Overseas passengers stranded in Mumbai

April 18, 2010 12:08 am | Updated November 28, 2021 08:46 pm IST - Mumbai

END OF THE HOLIDAY: Passengers without accommodation stay in the terminal at the Chhatrapati Shivaji International Airport in Mumbai on Saturday. Photo: Vivek Bendre

END OF THE HOLIDAY: Passengers without accommodation stay in the terminal at the Chhatrapati Shivaji International Airport in Mumbai on Saturday. Photo: Vivek Bendre

Gesine Adam from Germany had Rs. 100 in her purse on Saturday. A bottle of water at Mumbai's Chhatrapati Shivaji International Airport costs Rs. 30. A phone call back home would cost her Rs. 40. Waiting outside the departure terminal, Gesine was among the hundreds of passengers stranded at the airport, after flights to Europe, the U.S. and Canada were grounded owing to vast clouds of volcanic ash over the European airspace.

Gesine and her friend Briggitte Hirschegger from Austria were waiting since Friday night for their Lufthansa flight. “We have no money.
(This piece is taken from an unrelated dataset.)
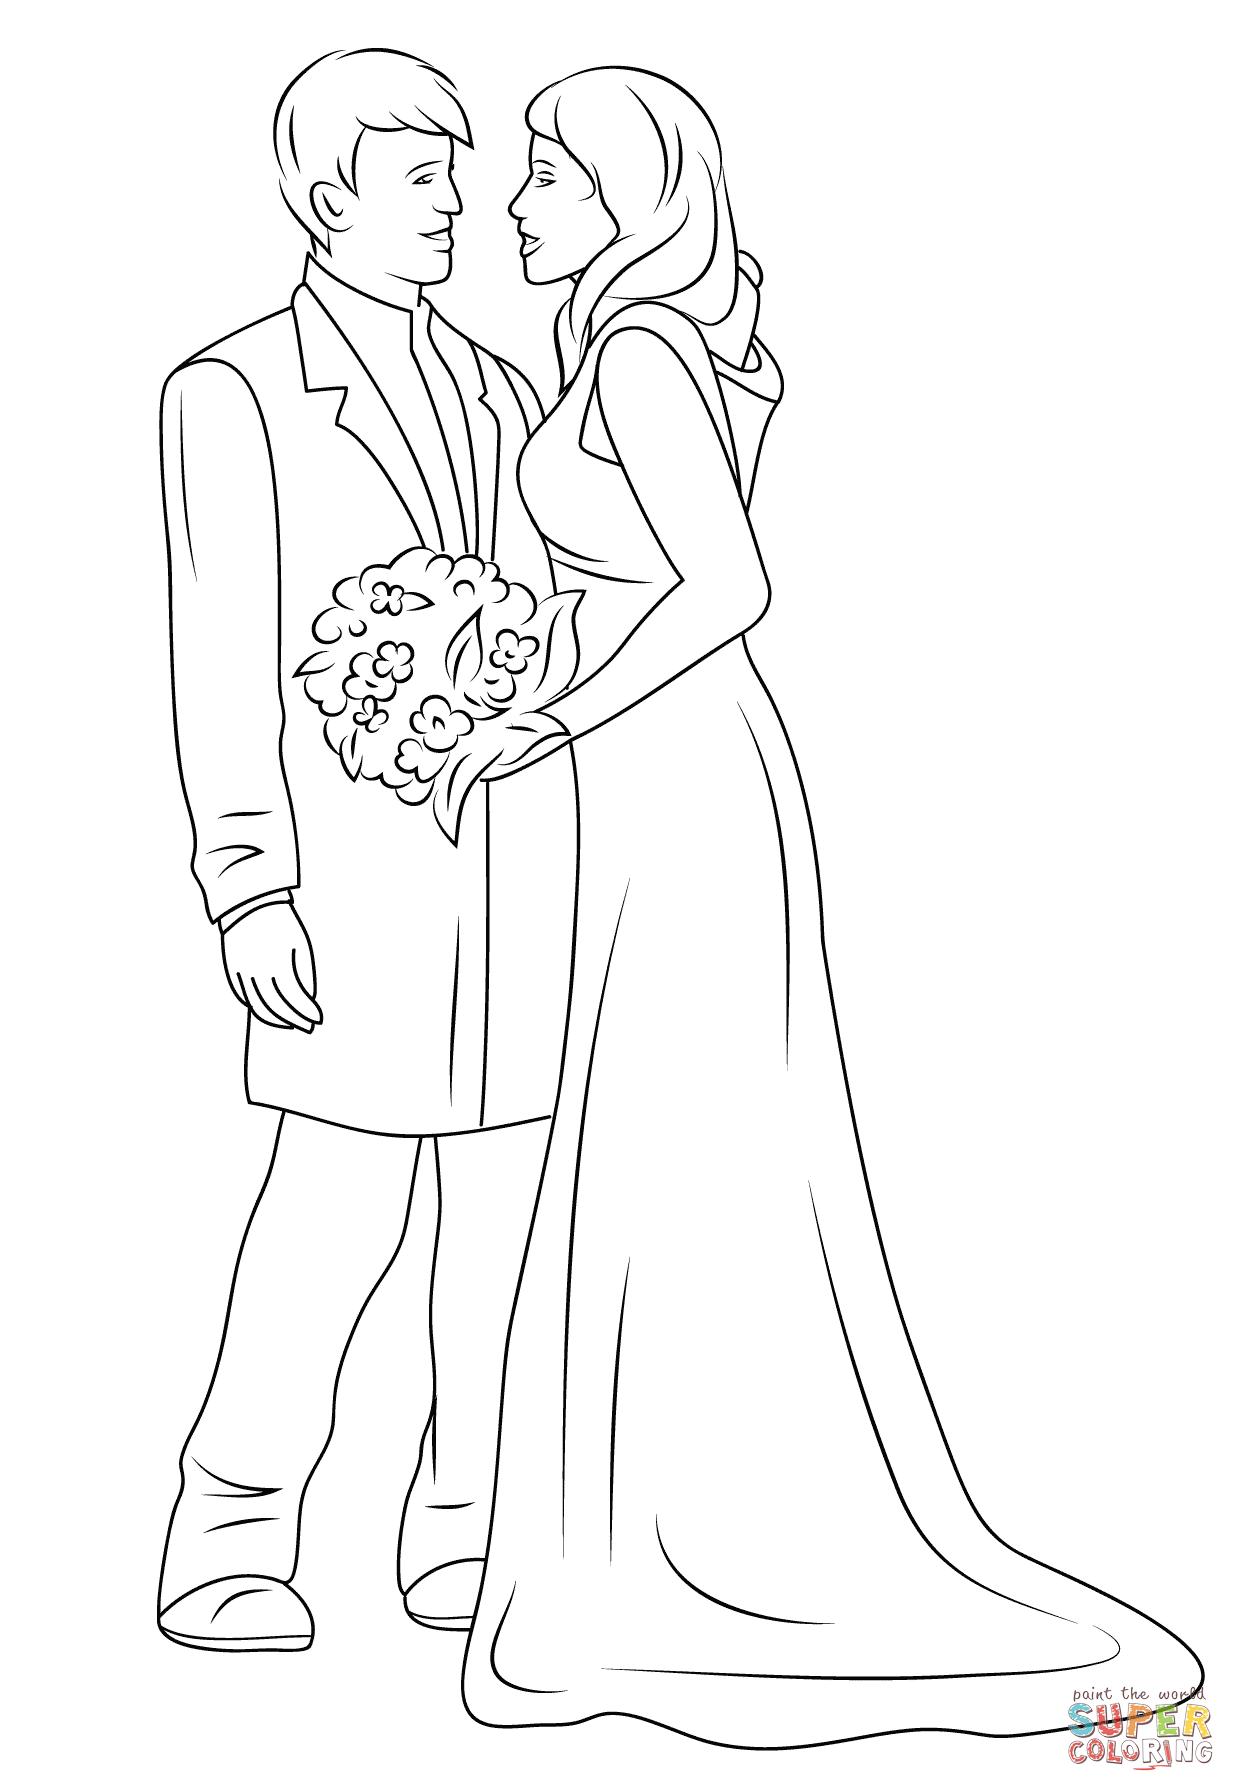 Wedding Couple Coloring Page Free Printable Coloring Pages Wedding Coloring Pages Love Coloring Pages Cinderella Coloring Pages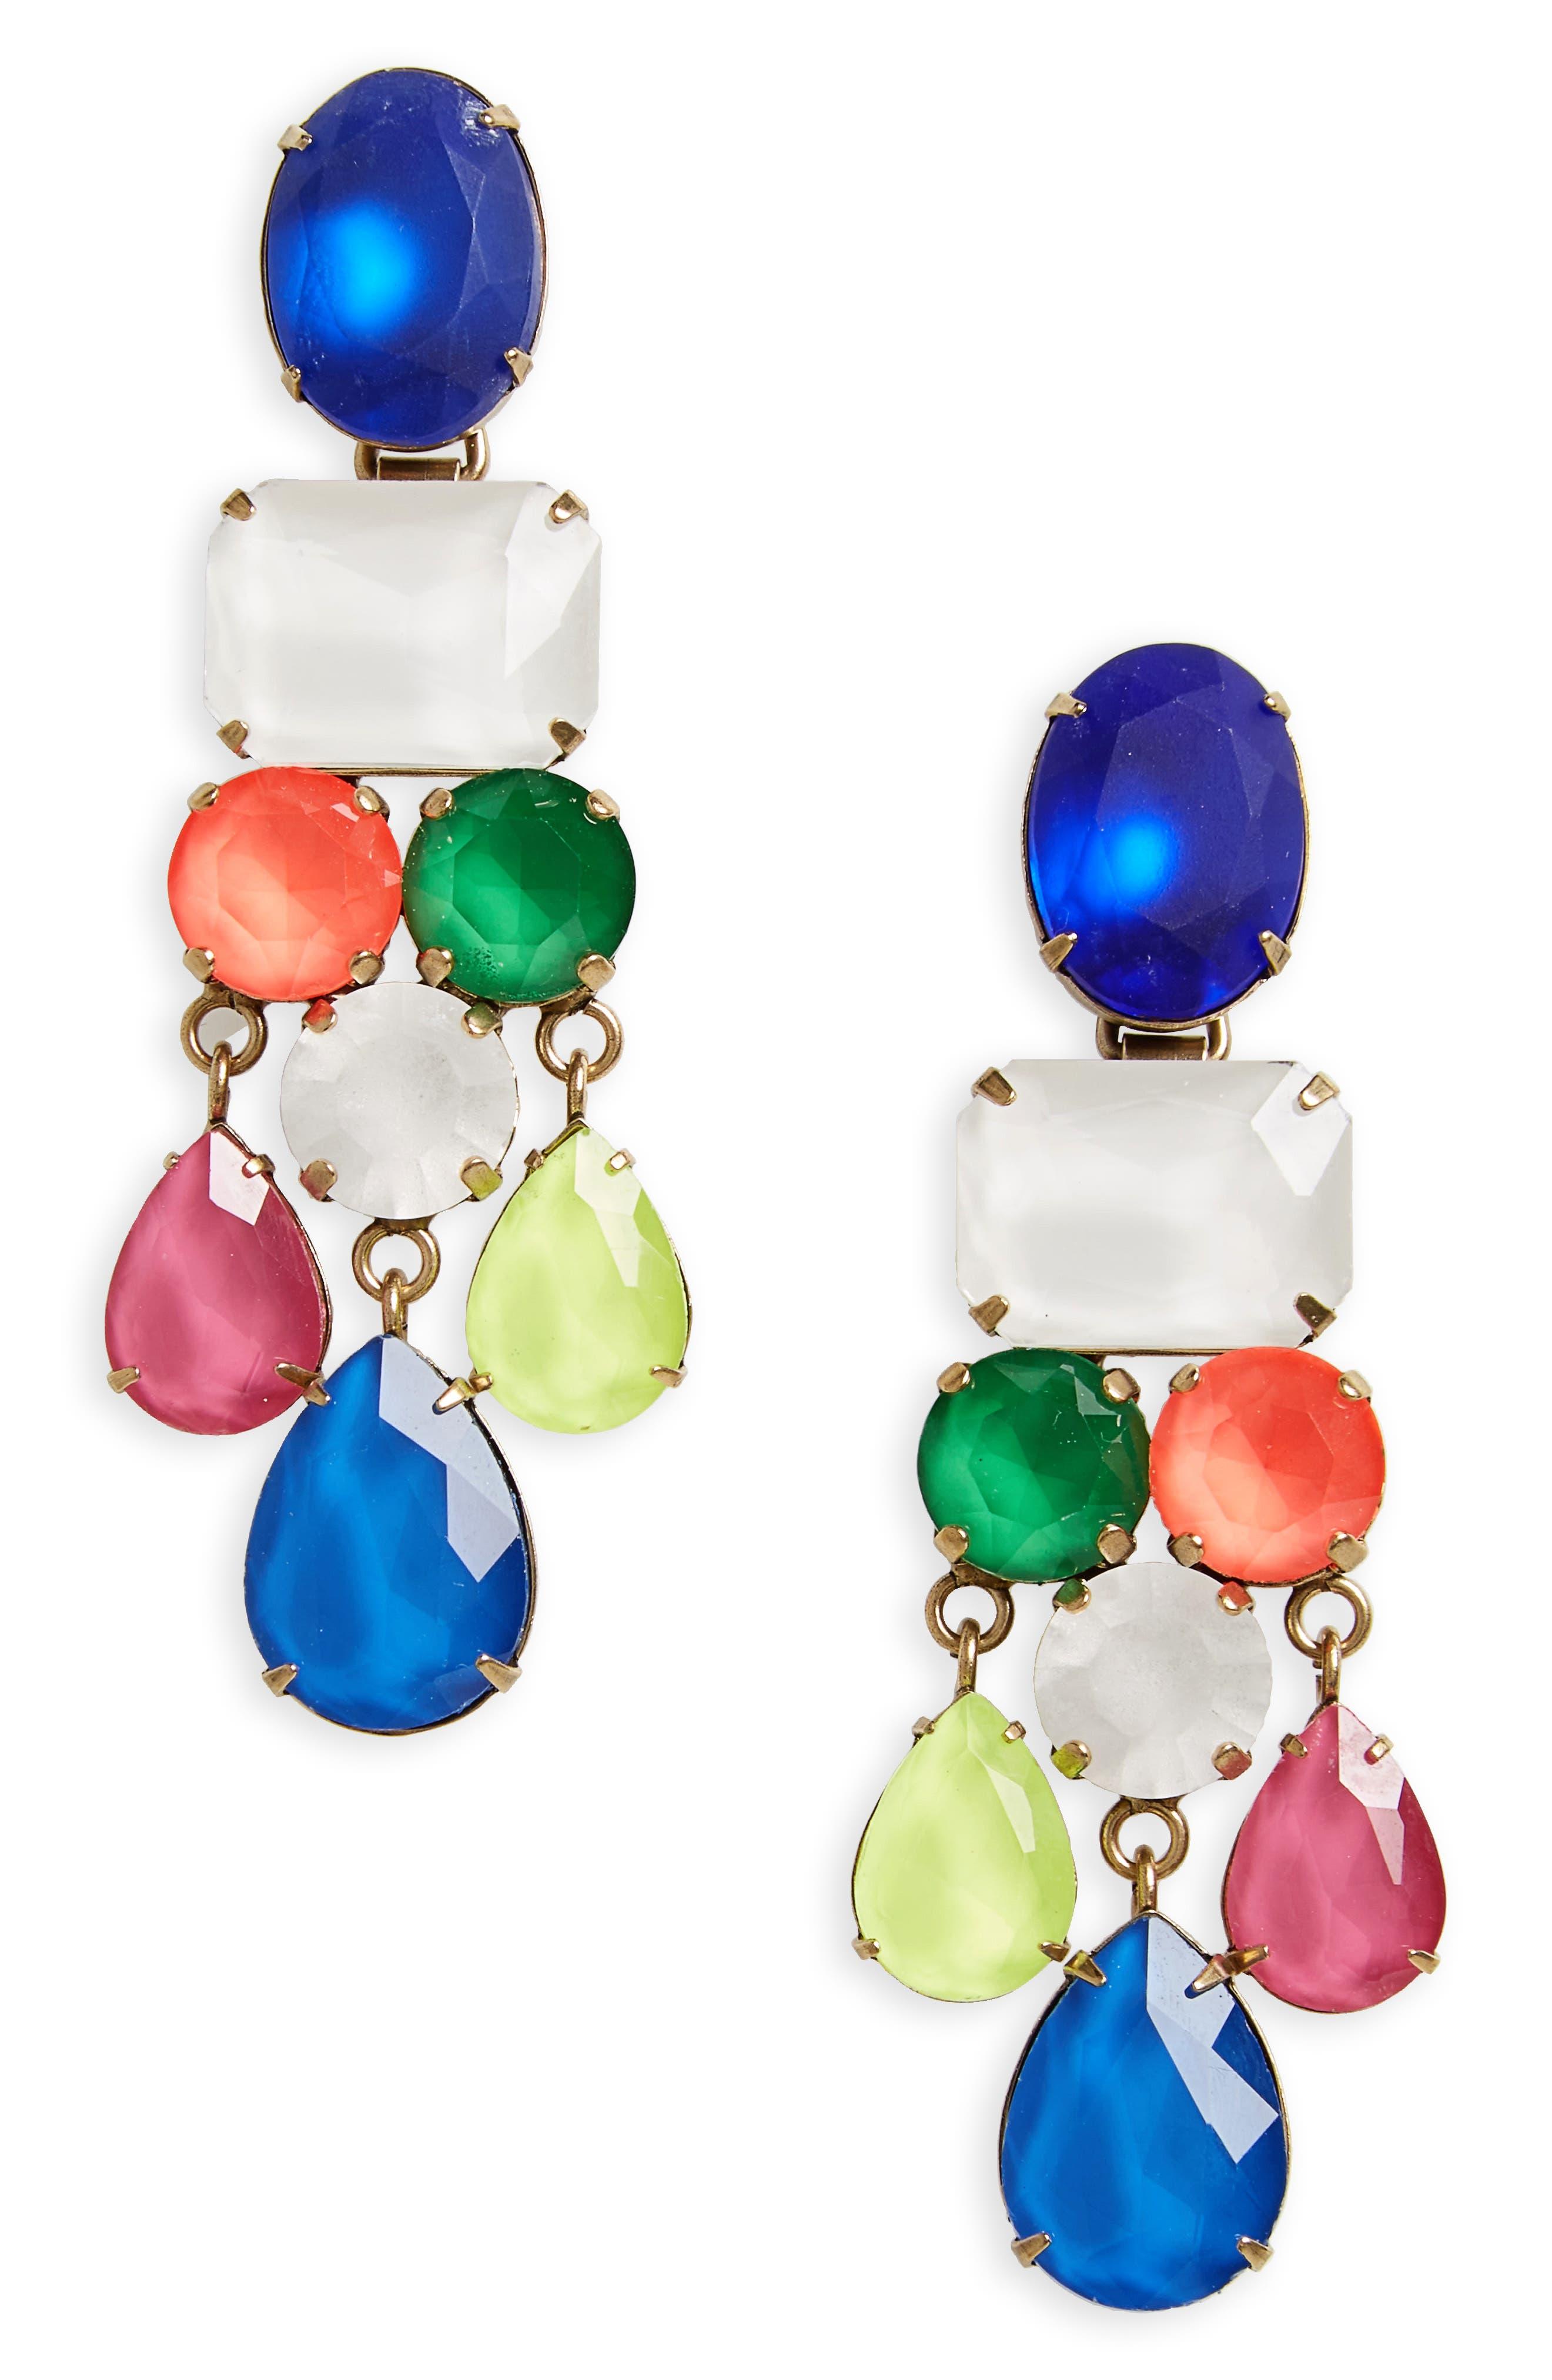 Scarlet Jewel Statement Earrings,                             Main thumbnail 1, color,                             650

The terminal has no Internet connectivity, no restaurants. And, it has a very expensive telephone booth. We had biscuits and water at night. A stay in the Mumbai hotels is expensive, so we slept at the airport. We faced much difficulty just to come out of the airport and breathe fresh air,” she said.

“Our flight was re-scheduled at 6 a.m. on Saturday. But in the morning they told us it's delayed again. We have no food, no water, no information,” said Briggitte, who was travelling with her teenage son.

According to a spokesperson of the Mumbai International Airport Limited (MIAL), 15 departures and nine arrivals were cancelled on Friday night, adding, “Airlines have made necessary arrangements for passengers.”

Praveen Bhupia, a non-resident Indian (NRI) from London and travelling Jet Airways would strongly disagree. He was livid that the airport authorities charged him Rs. 60 for a seat in the waiting area. “I have made my own arrangements. They [airline] have been very unhelpful. There is no help with accommodation. Customer service is zero. I came to India for a holiday; it was a good holiday, until now.”

More than amenities the thing the travellers desired the most was information. Ms. Hirschegger said, “I met a woman from Switzerland whose flight has been delayed by two weeks till May 4. She has to join work on May 3. She is really desperate. She comes here every morning to inquire if there is any seat free anywhere. She pays Rs. 500 for each taxi ride to the airport every day.”

Passengers continued calling the customer support numbers in vain. Many have anxious families and jobs to get back to. An airport staff told The Hindu that the airlines themselves had no information to pass on, unless the update was conveyed from the European and other authorities.

“We have no information. That's the terrible information,” said Martin Cesar from Italy, visiting the city on business, whose Swiss Air flight has been grounded since Friday night. “Looks like most of the European airports are closed still. Hopefully soon we should have some update. When we travel for business, we travel by the minute. Our airline was willing to give us accommodation, but I stayed on our own.”

A staff of a five star hotel in Mumbai helping passengers find accommodation, and who did not wish to be named, said footing the bill for so many passengers would be an expensive affair. The airlines, he said, have refused to pick up the tab stating this was a natural calamity.

Meanwhile, as passengers made a beeline for hotel rooms, hotels are running on full capacity, making it difficult to get accommodation.

Dalela Bouregba from Paris vowed that she would never fly Qatar Airways again. “I spent Friday night shouting just for some sandwiches and a bottle of water. If the flight [at 5 a.m. on Saturday] was cancelled, the airline should have informed us; we would not have come to the airport. Now we cannot go out into the city. We fought for several hours. Everything is expensive here. We slept on the ground. No one is taking care of us. That's why we are upset. Our families back home are worried. We like India, but now we just want to go home,” she said.

Those Rs. 100 in Gesine's purse are on the verge of exhaustion. Like many, she stares at a second night of eating expensive junk food. Having lost her passport in the Kumbh Mela, she has a travel permit which stipulates the limit of her stay in India to April 18. “If I don't leave by then, I have another problem,” she said.